Although you do have to be impressed with hackers’ sheer audacity in filing the non-disclosure complaint with the SEC, the hackers’ allegations are faulty in two ways
First, the hackers alleged that MeridianLink violated the cybersecurity disclosure guidelines by failing to make the requisite disclosure under Item 1.05 of Form 8-K within the stipulate four business days. However, the cybersecurity incident current report disclosure obligation of Item 1.05 does not go into effect until December 18, 2023, and the current reporting obligation does not go into effect for smaller reporting companies until June 15, 2024. (For further detail about the effective dates of the new cybersecurity disclosure rules, refer here.)
Second, even if the disclosure requirement were otherwise in effect, it may or may not have been triggered here. The new rules state that the cyber incident reporting is “due four business days after a registrant determines that a cybersecurity incident is material.” (Companies cannot “unreasonably delay” the determination that they need to disclose an incident.)

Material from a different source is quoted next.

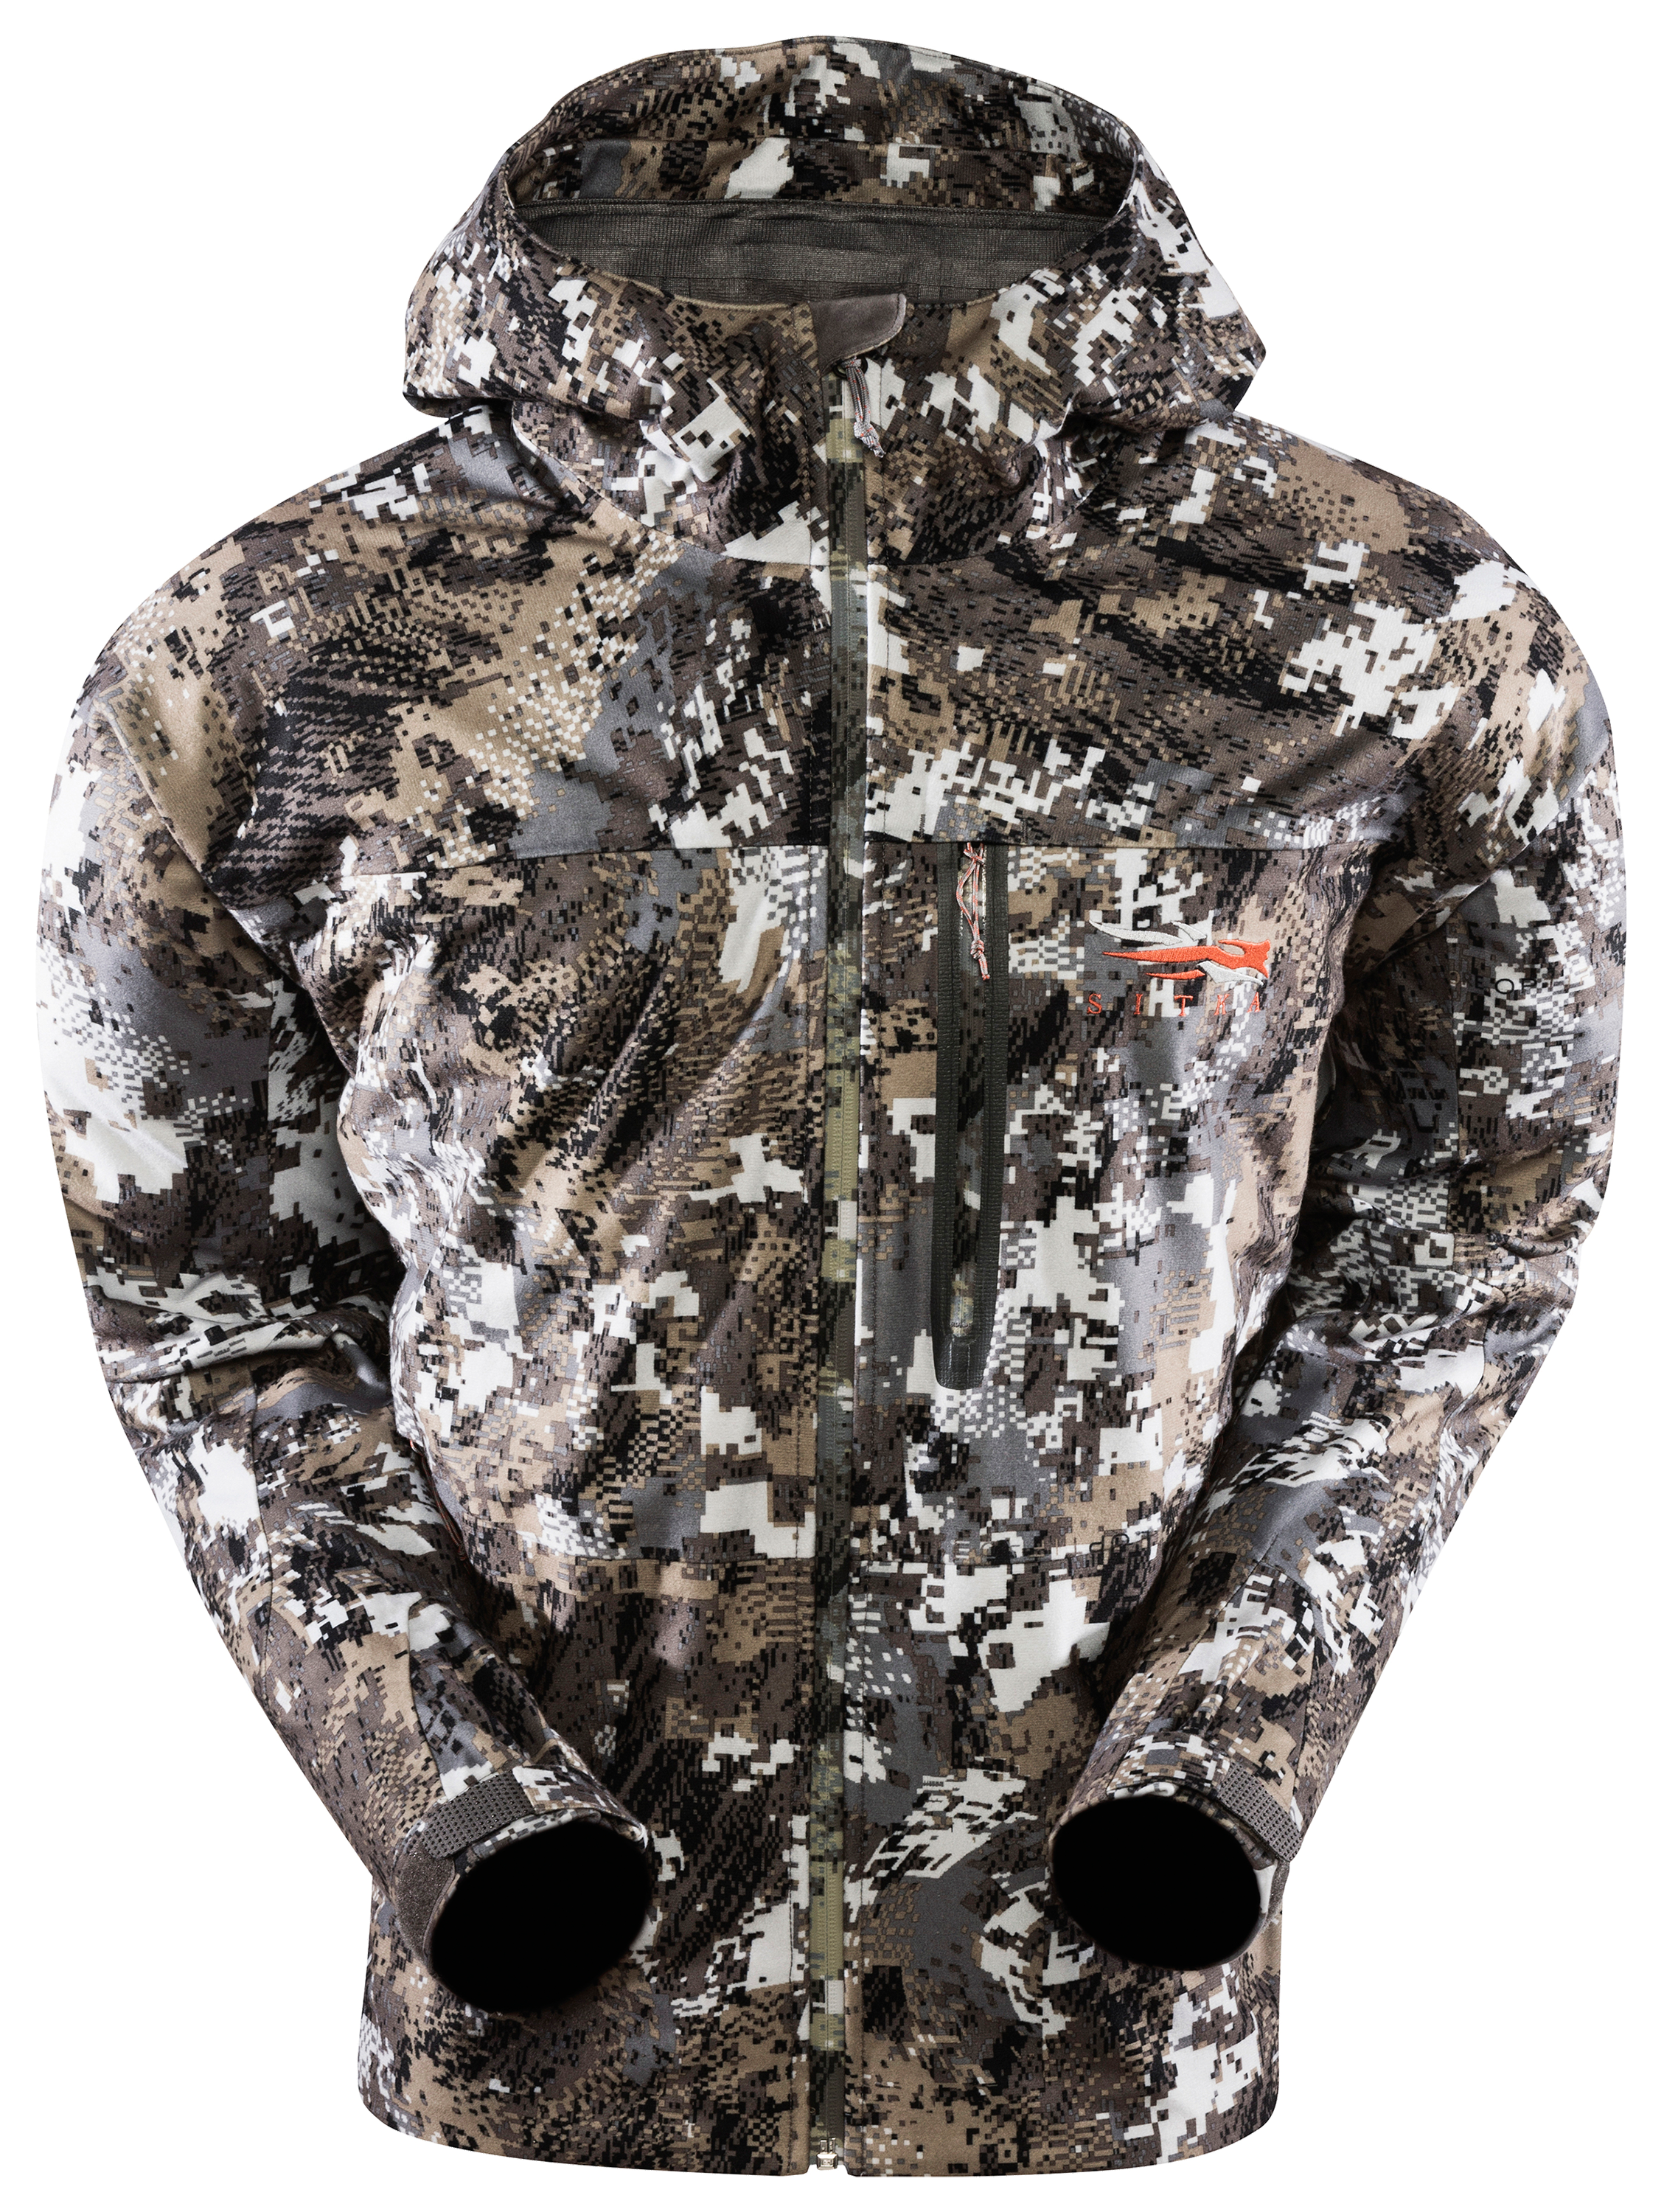 Sitka GORE OPTIFADE Elevated II Downpour Jacket for Men

While the hackers in their SEC complaint described the incident as constituting a “significant breach,” MeridianLink’s description of the incident in its statement to DataBreaches.net stated that the company had “identified no evidence of unauthorized access to our production platforms, and the incident has cause minimal business interruption.” MeridianLink may well contend that it has made no determination that the incident was “material,” and therefor that the four-day reporting period was not even triggered.
It could be argued that the AlphV’s filing of the SEC complaint is just a publicity stunt, and that is probably true at some level. In its November 18, 2023 article about the MeridianLink cyber ransom incident, the Wall Street Journal quotes a cybersecurity expert as saying about AlphV’s SEC complaint that “This is just a new way of applying pressure to companies to get them to comply.”
Just the same, the sequence of events does show the challenges companies face in dealing with cybersecurity issues. Even if the filing of the complaint is just a stunt, it does highlight the regulatory challenges that companies face when dealing with cybersecurity incidents. The Journal article also quotes a cybersecurity attorney as saying that “Now the bad guys are recognizing that the U.S. regulatory landscape is becoming acutely more dangerous for companies.”
I will say that evaluating the SEC complaint ploy as a publicity stunt, you have to give the hackers some credit; they managed to get themselves (and their breach) into the Wall Street Journal.